L’AQUILA – Un salvataggio in piena regola quello effettuato dal Nucleo provinciale di Guardie Zoofile della Lega del Cane dell’Aquila lo scorso 16 agosto.
Come si legge in una nota della Lega Nazionale per la Difesa del Cane, da alcune settimane era stato segnalato all’associazione un setter vagante in zona Mausonia/rotonda di Bagno, all’Aquila, probabile vittima di un abbandono estivo.
“Dopo un sopralluogo – si legge – durante il quale era stato possibile verificare che si trattava di un cane molto intimorito e diffidente (forse a causa dei maltrattamenti subìti), i volontari hanno cominciato a portare regolarmente da mangiare all’animale – sempre nello stesso posto ed alla stessa ora – in modo che non si allontanasse e che guadagnasse fiducia nell’uomo”.
La situazione è purtroppo precipitata la sera di Ferragosto quando il cane è stato investito da un’automobile che, come si legge ancora nella nota, non si sarebbe fermata.
Il giorno dopo il cane aveva trovato riparo dentro a un canale di irrigazione coperto, perciò recuperarlo è subito apparso tutt’altro che facile.
“Tuttavia, con l’aiuto essenziale di alcuni cittadini – si legge – che anche nei giorni antecedenti si stavano occupando dell’animale e grazie a una massiccia dose di pazienza e buona volontà, è stato
possibile prelevare il setter, che è stato immediatamente condotto al canile sanitario della Asl per una visita di controllo.

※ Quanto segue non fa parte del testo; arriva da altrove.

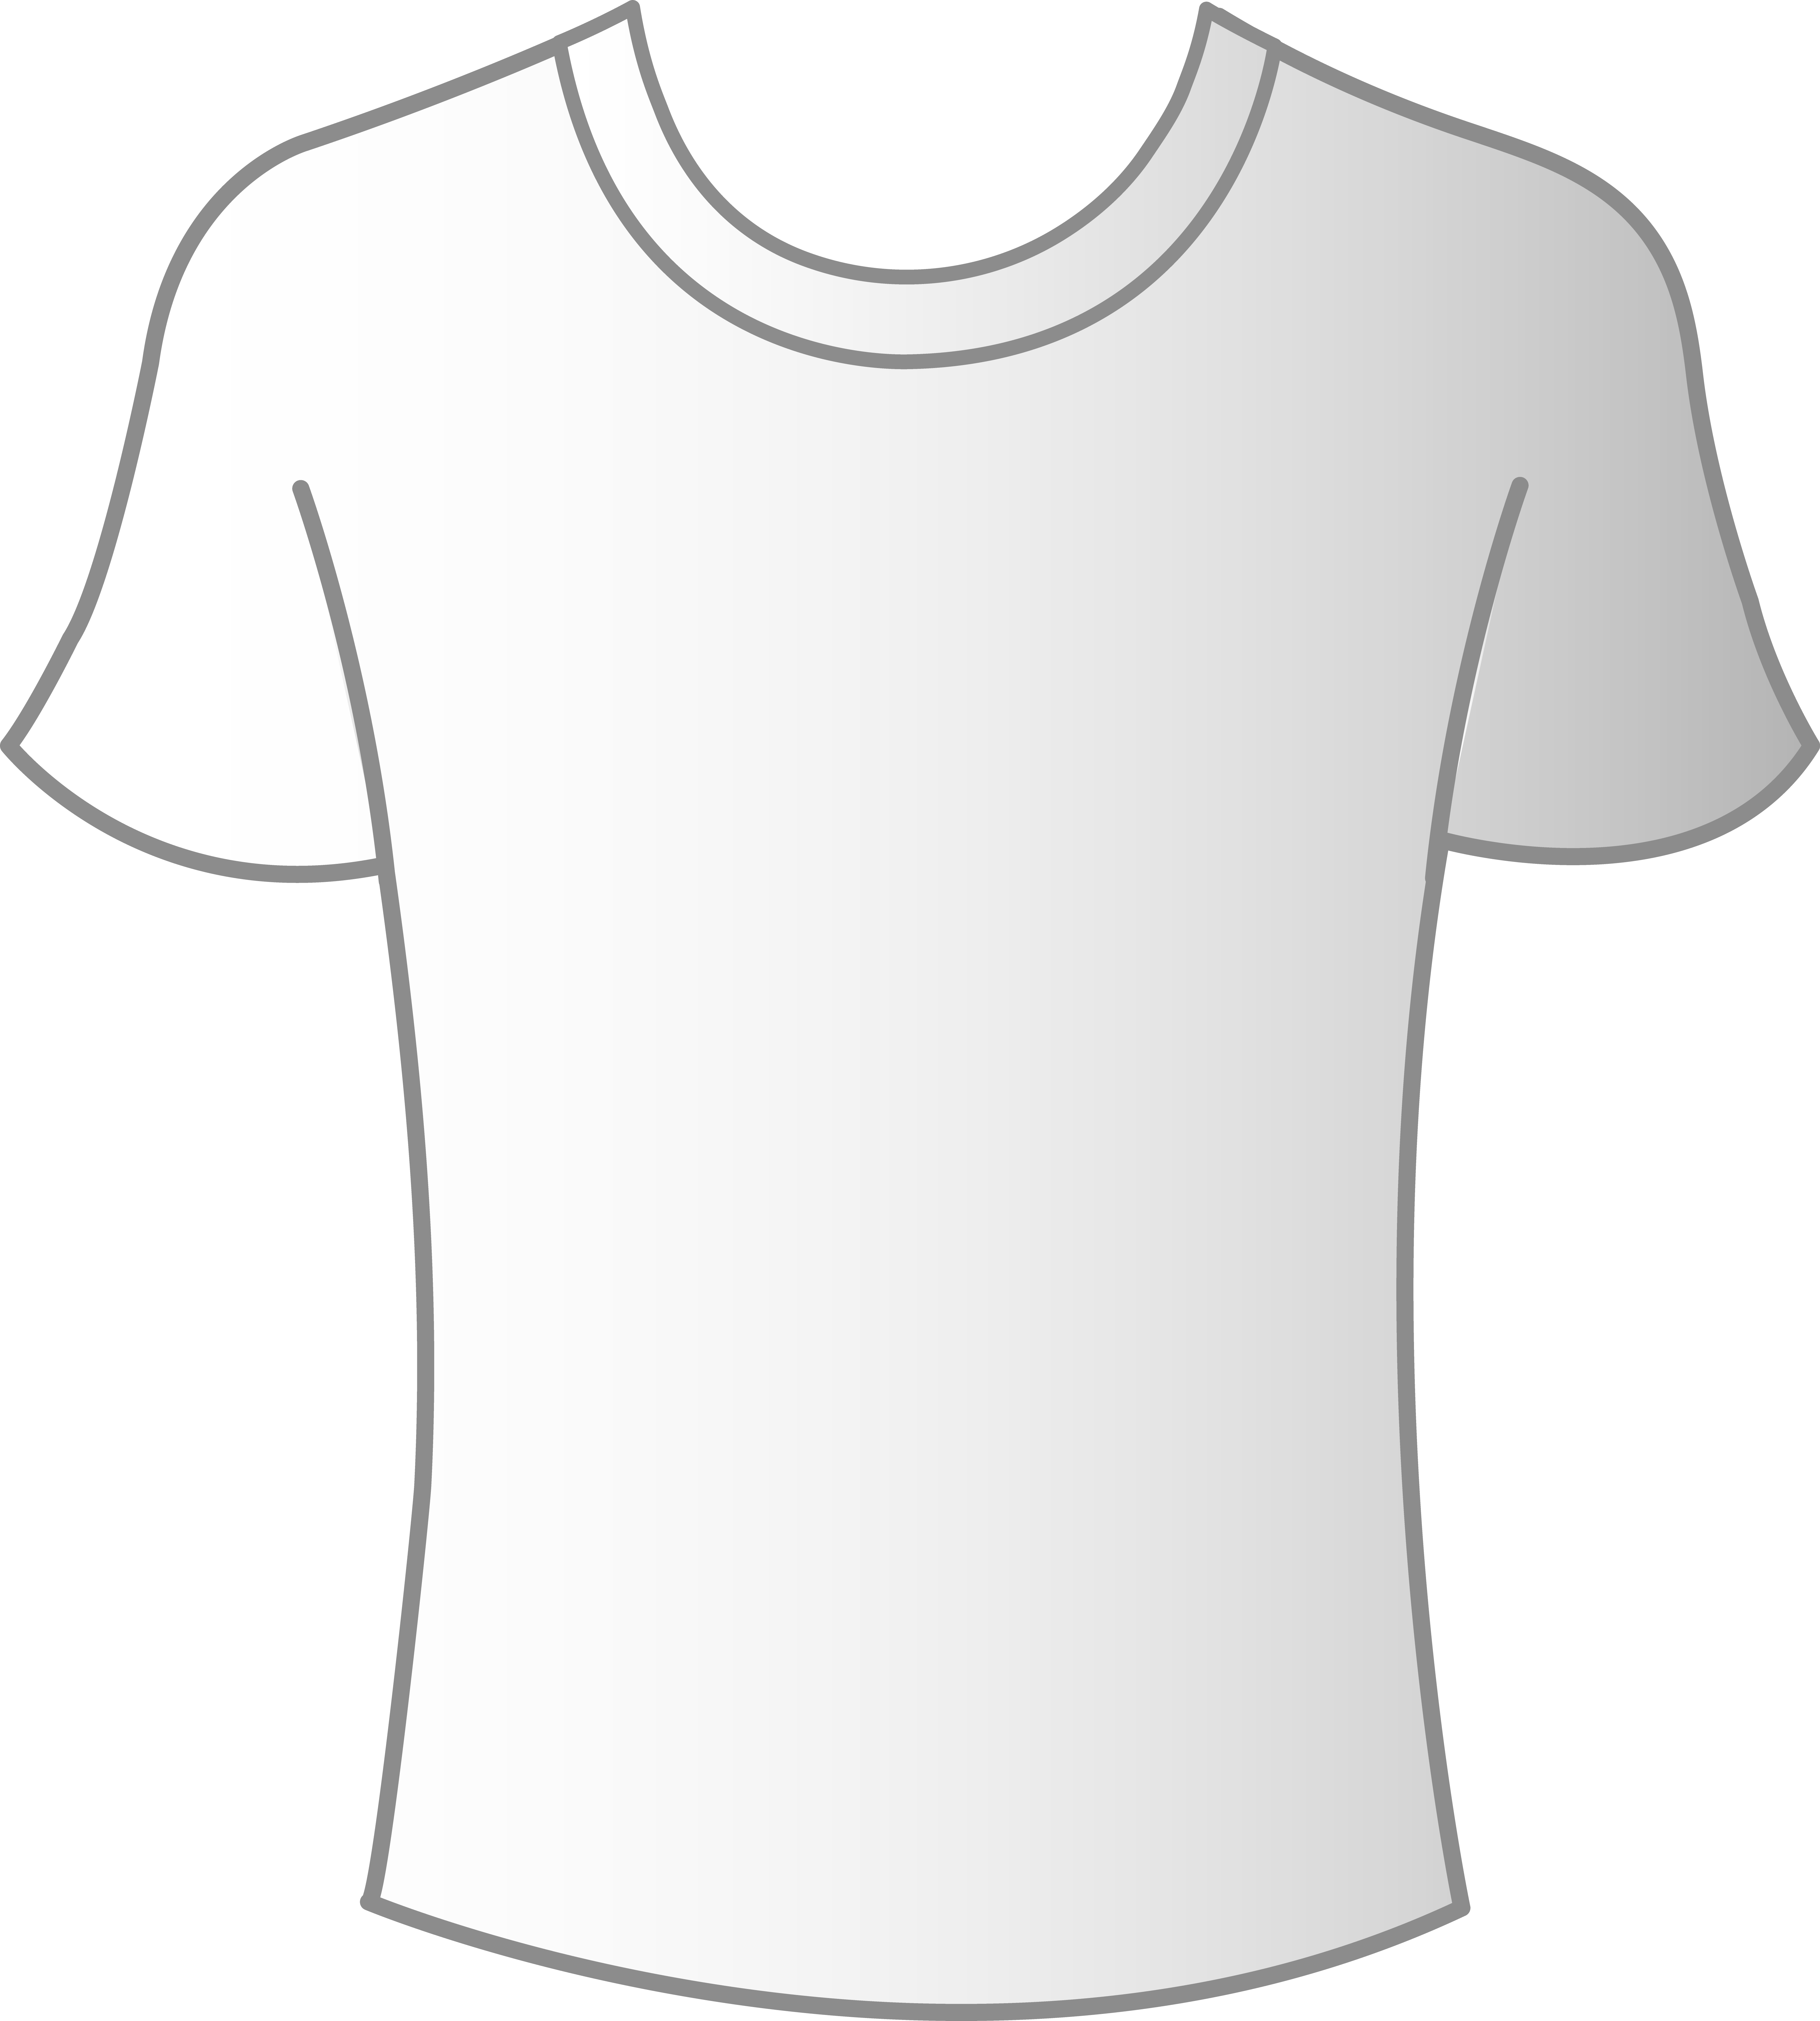 Images For > Plain White Shirt
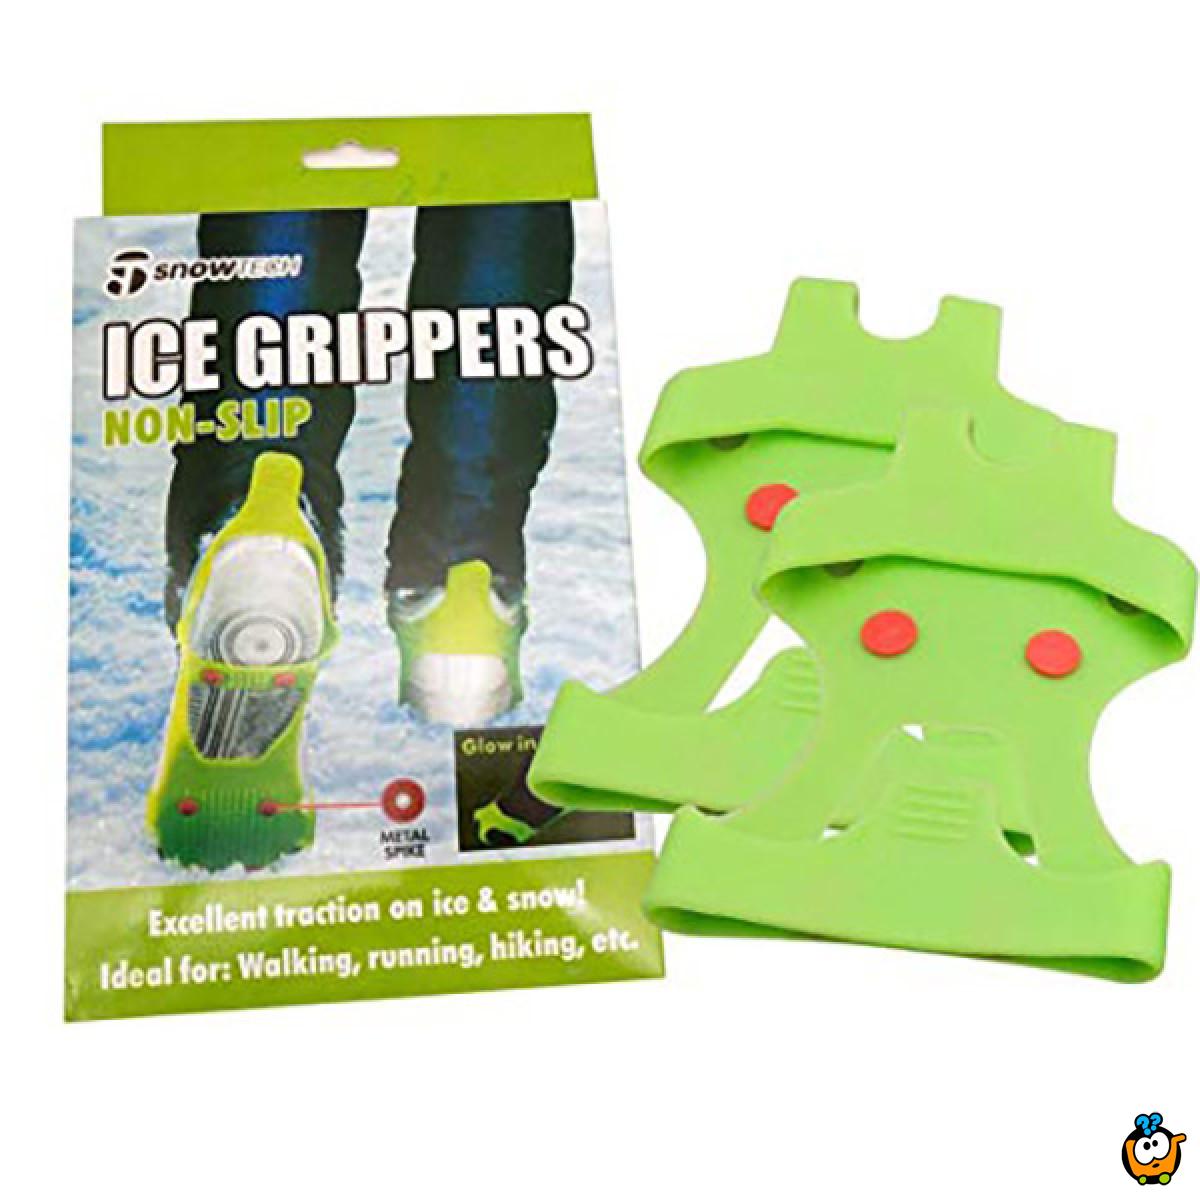 Ice grippers - Navlake za obuću protiv klizanja na snegu i ledu

Il veterinario ha riscontrato una frattura ad una zampa – senz’altro a seguito dell’urto da parte dell’automobile – ma fortunatamente, per il resto, il cane è stato trovato in buone condizioni di salute”.
Ad allietare ulteriormente il finale di questa vicenda è stata la decisione da parte dei cittadini accorsi in aiuto durante il recupero, di adottare il cane.
“Un ringraziamento particolare – conclude la nota – da parte delle Guardie Zoofile e di tutta la Lega del Cane va a questa famiglia, a Sergio e Luisa, che siamo sicuri accompagneranno il cagnolino verso il completo recupero comportamentale e ad una rinnovata fiducia nei confronti dell’uomo, così che possa dimenticare il suo triste passato”.